━━ Data section
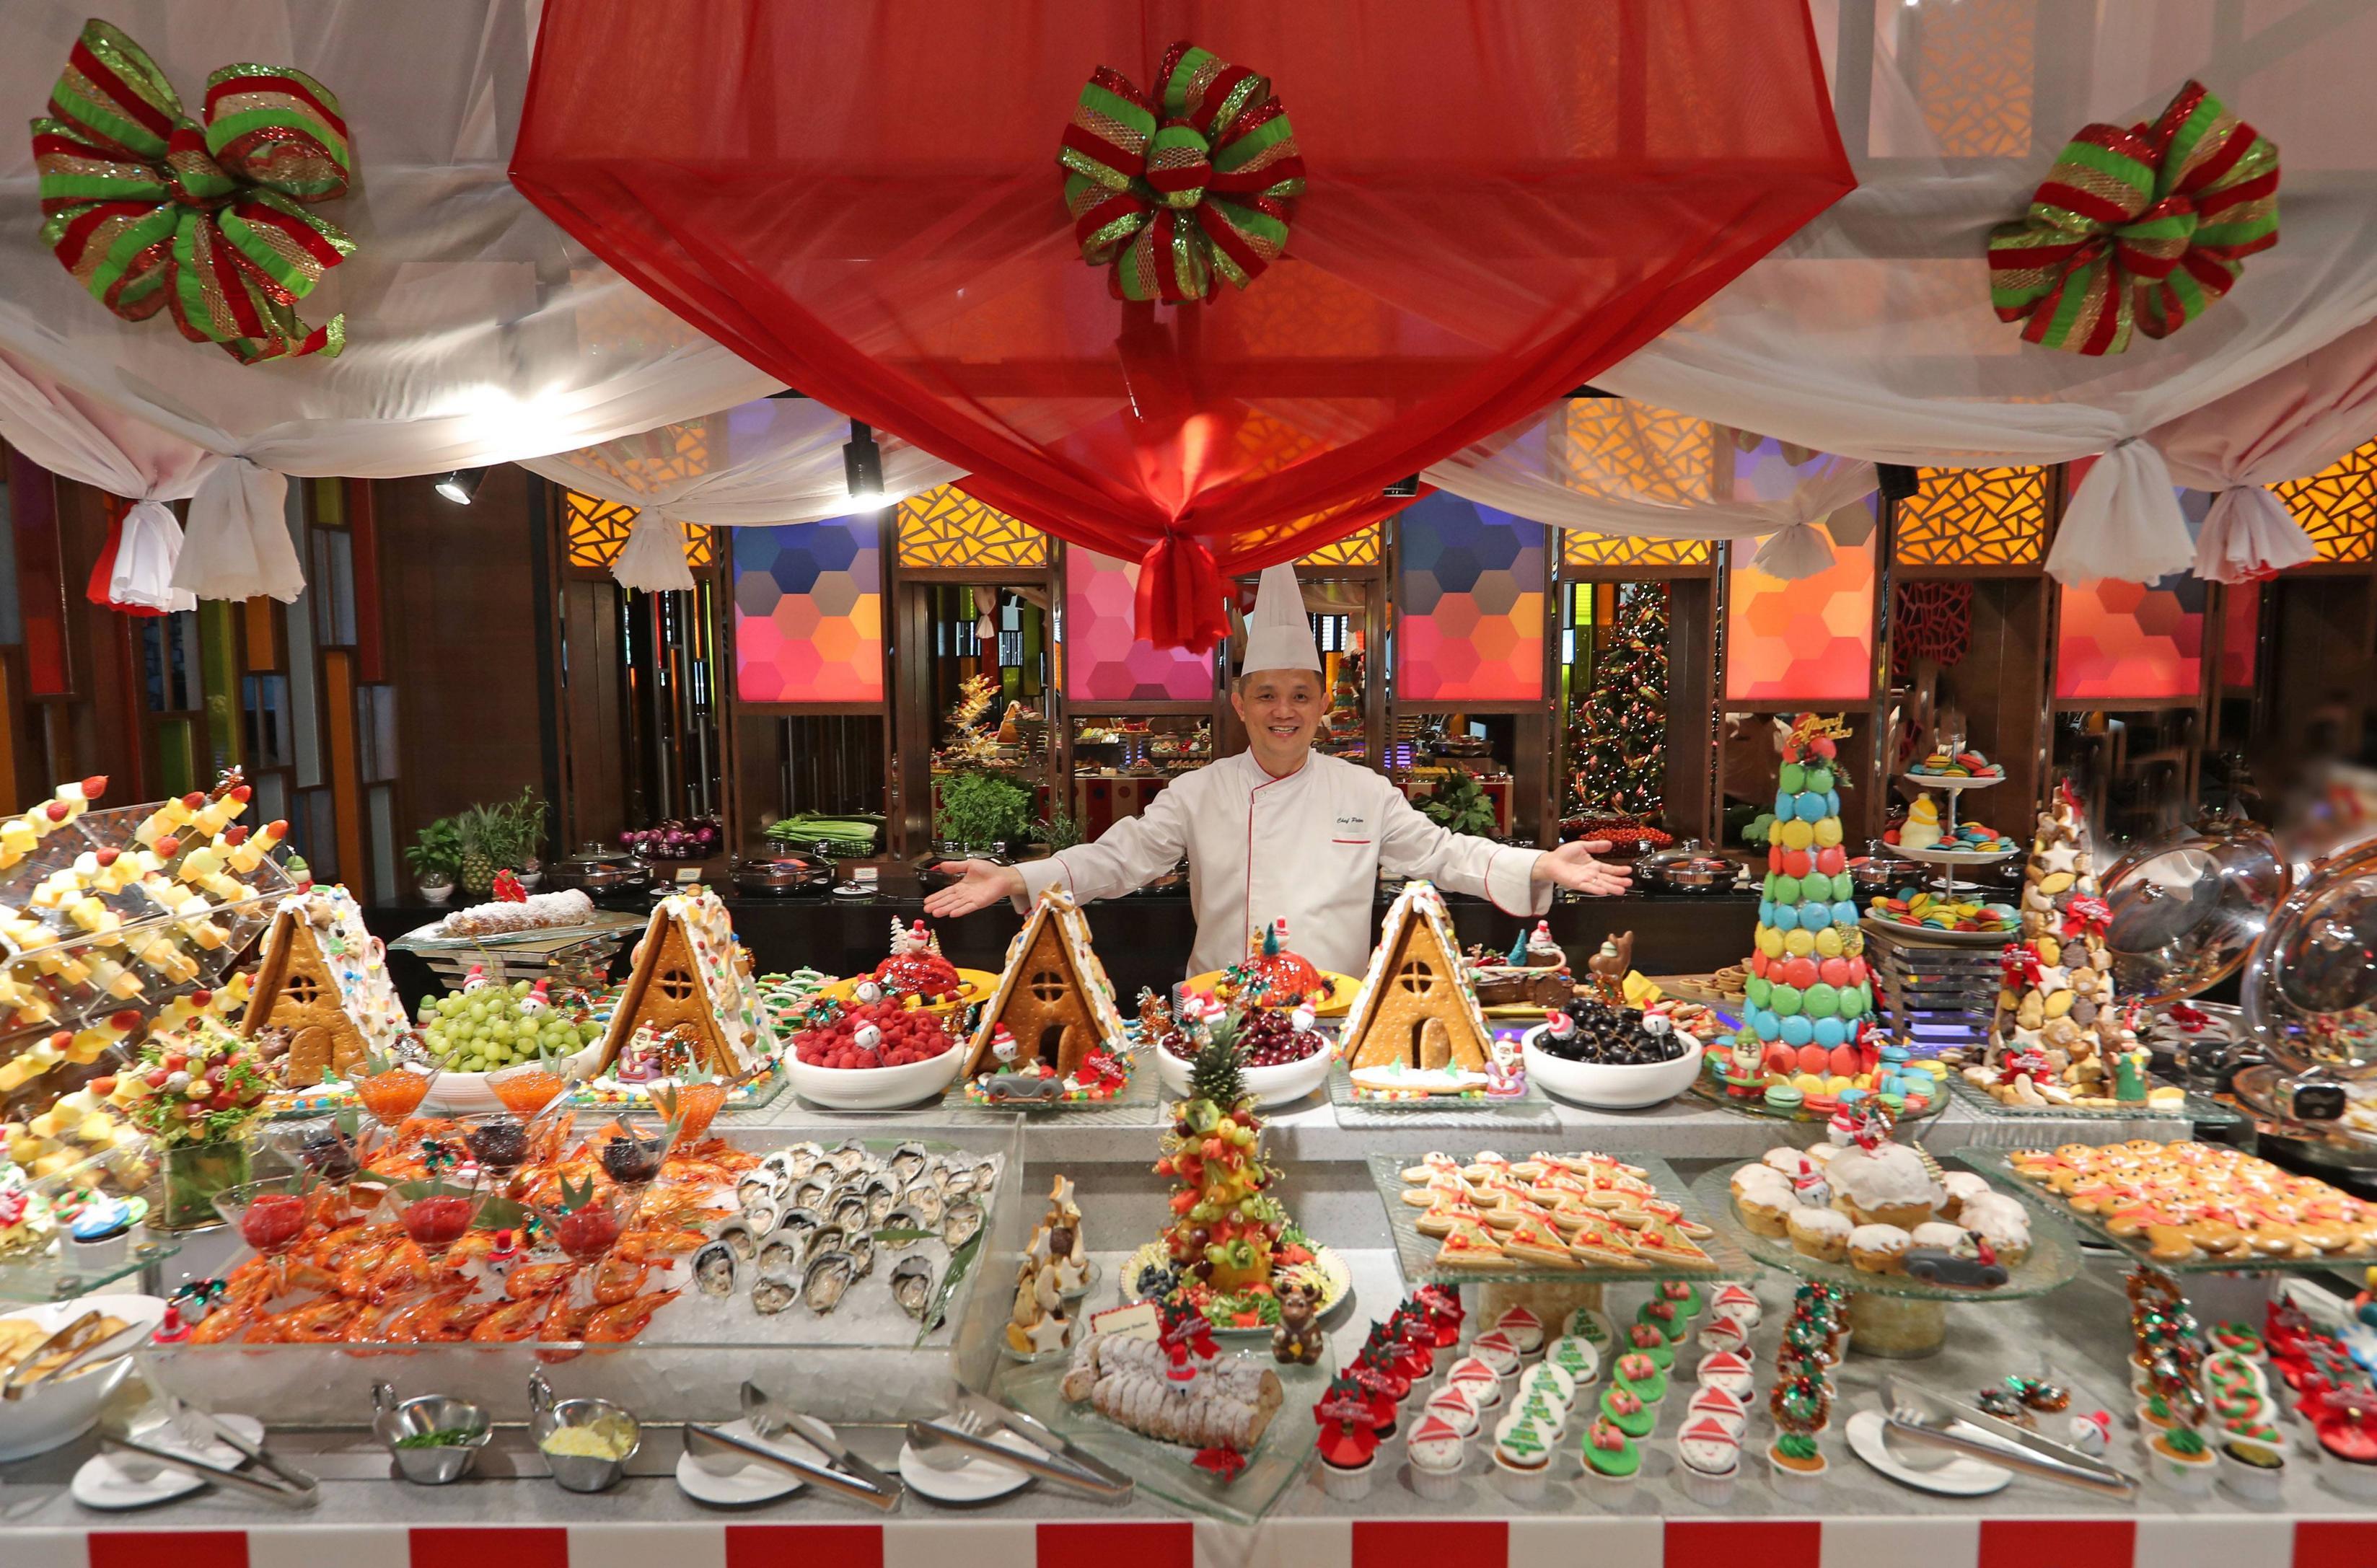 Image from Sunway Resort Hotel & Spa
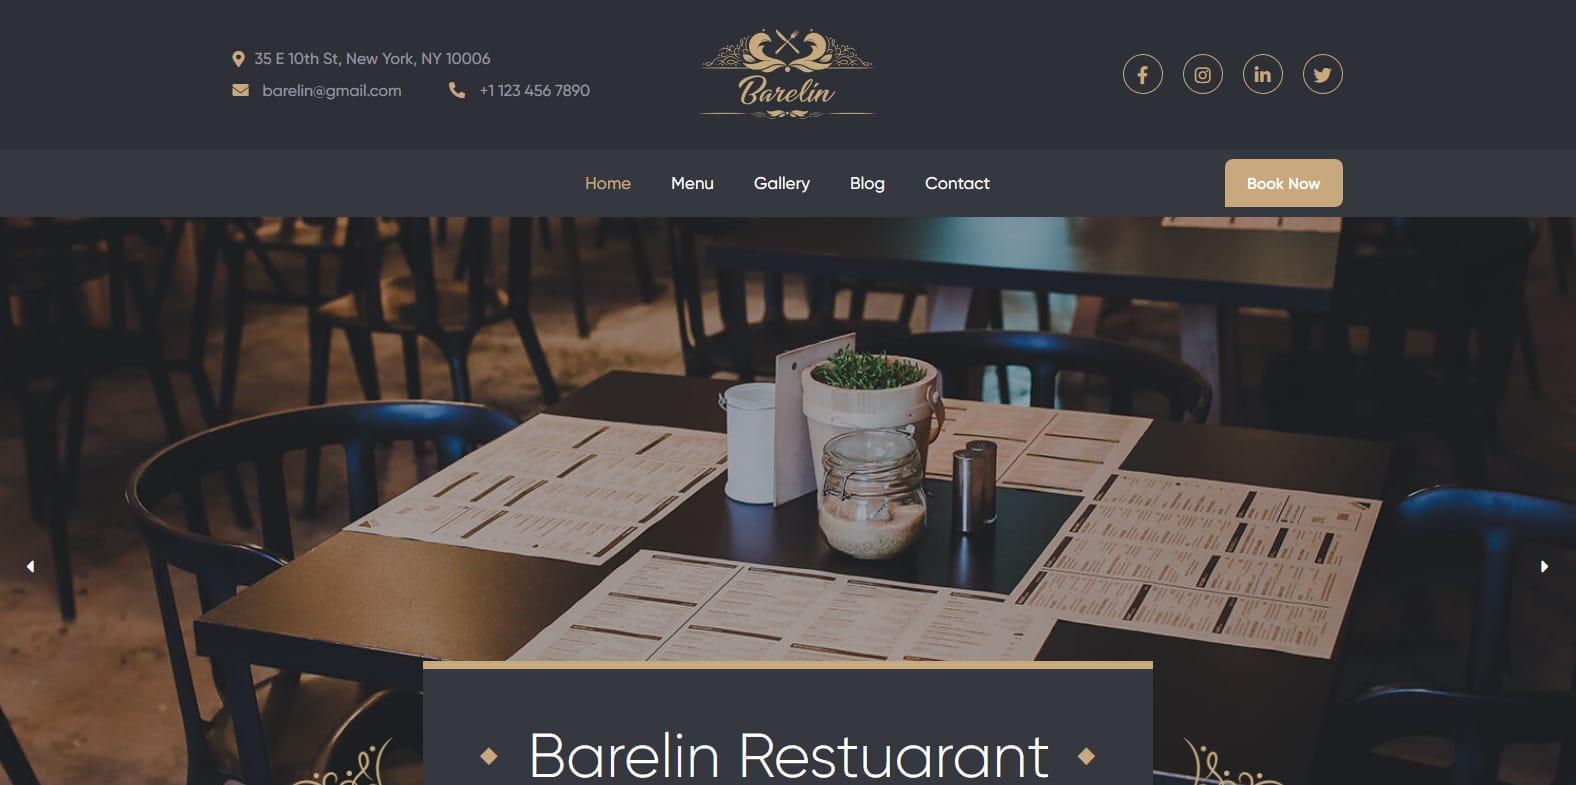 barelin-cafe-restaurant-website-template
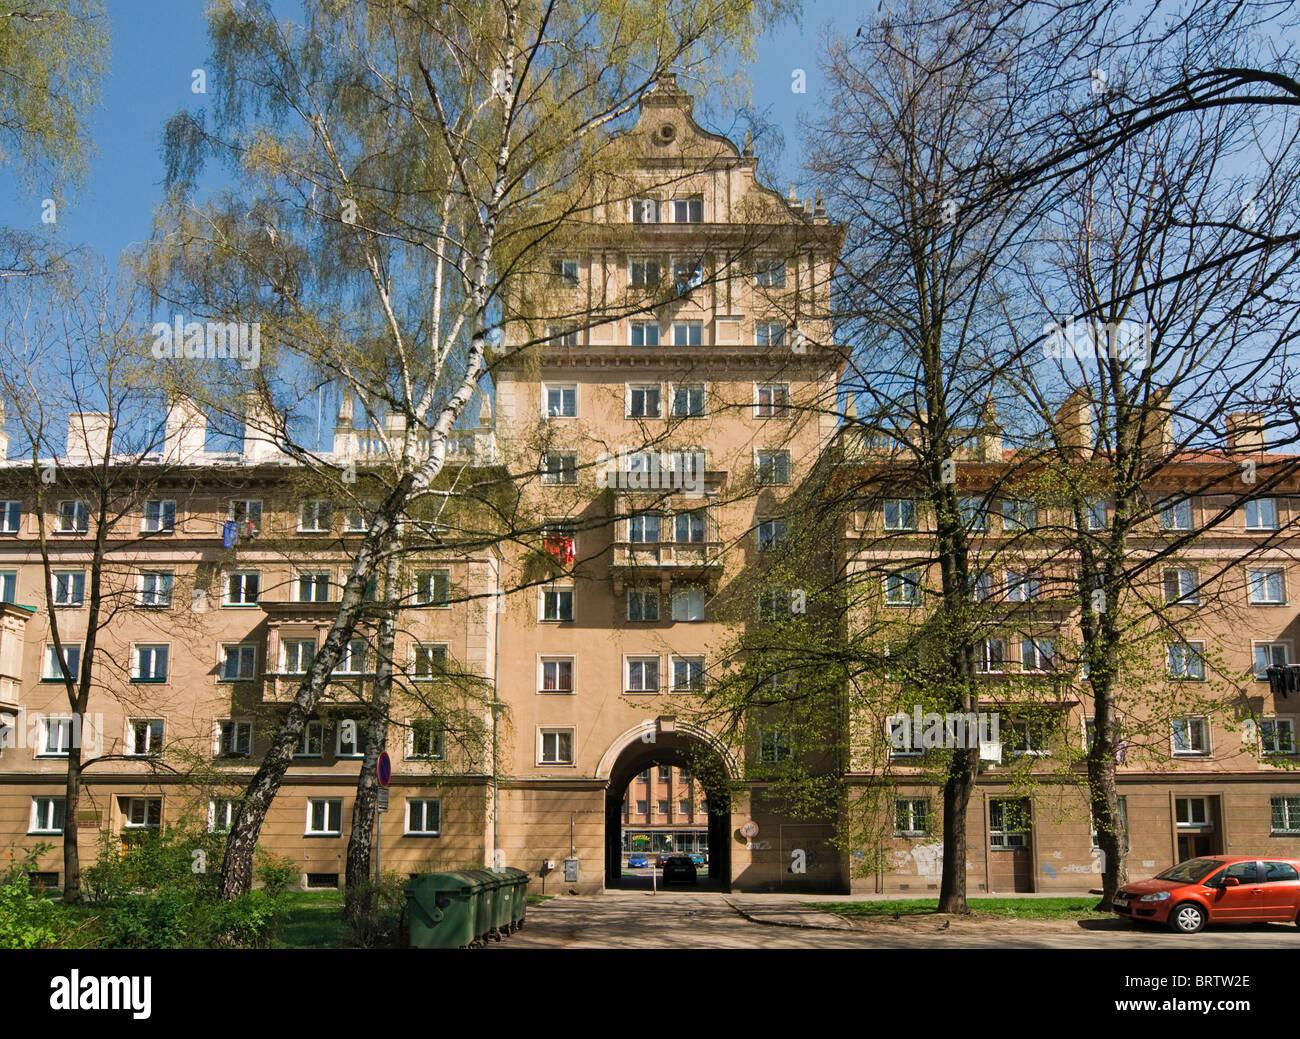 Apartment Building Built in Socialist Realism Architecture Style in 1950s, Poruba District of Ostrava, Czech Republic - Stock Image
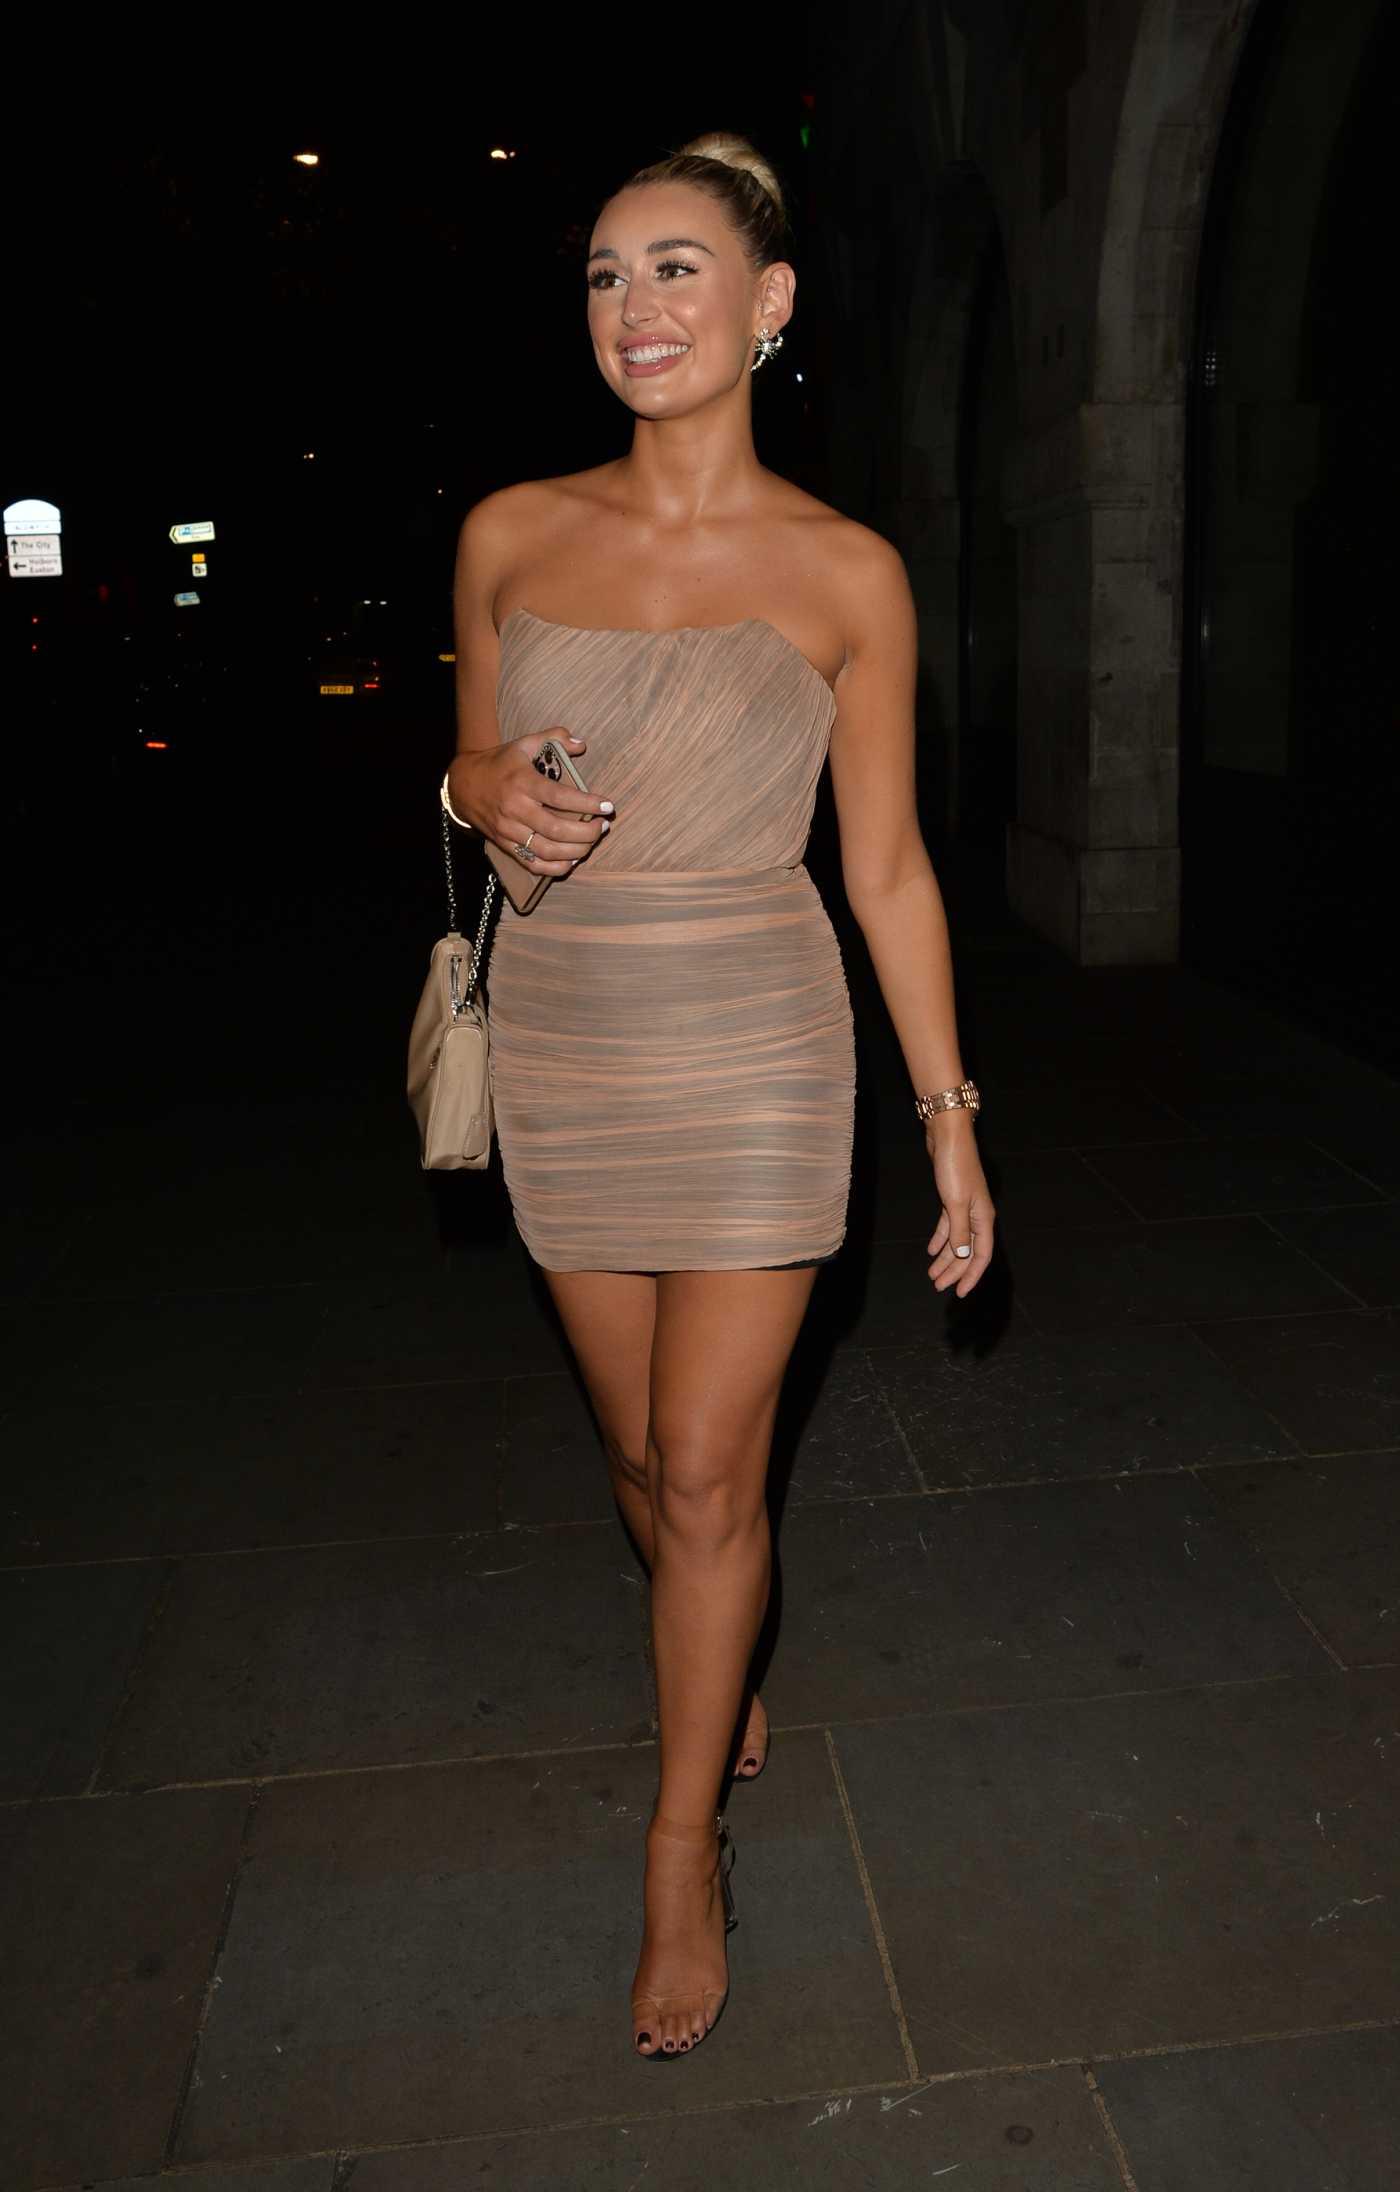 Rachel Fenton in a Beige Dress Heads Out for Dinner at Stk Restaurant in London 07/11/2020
━━━━
* [What you need to do]
All lines of the listing must be given again exactly, excluding the pictures.

* [Worked solution]
 Image from Sunway Resort Hotel & Spa
 barelin-cafe-restaurant-website-template
 Apartment Building Built in Socialist Realism Architecture Style in 1950s, Poruba District of Ostrava, Czech Republic - Stock Image
 Rachel Fenton in a Beige Dress Heads Out for Dinner at Stk Restaurant in London 07/11/2020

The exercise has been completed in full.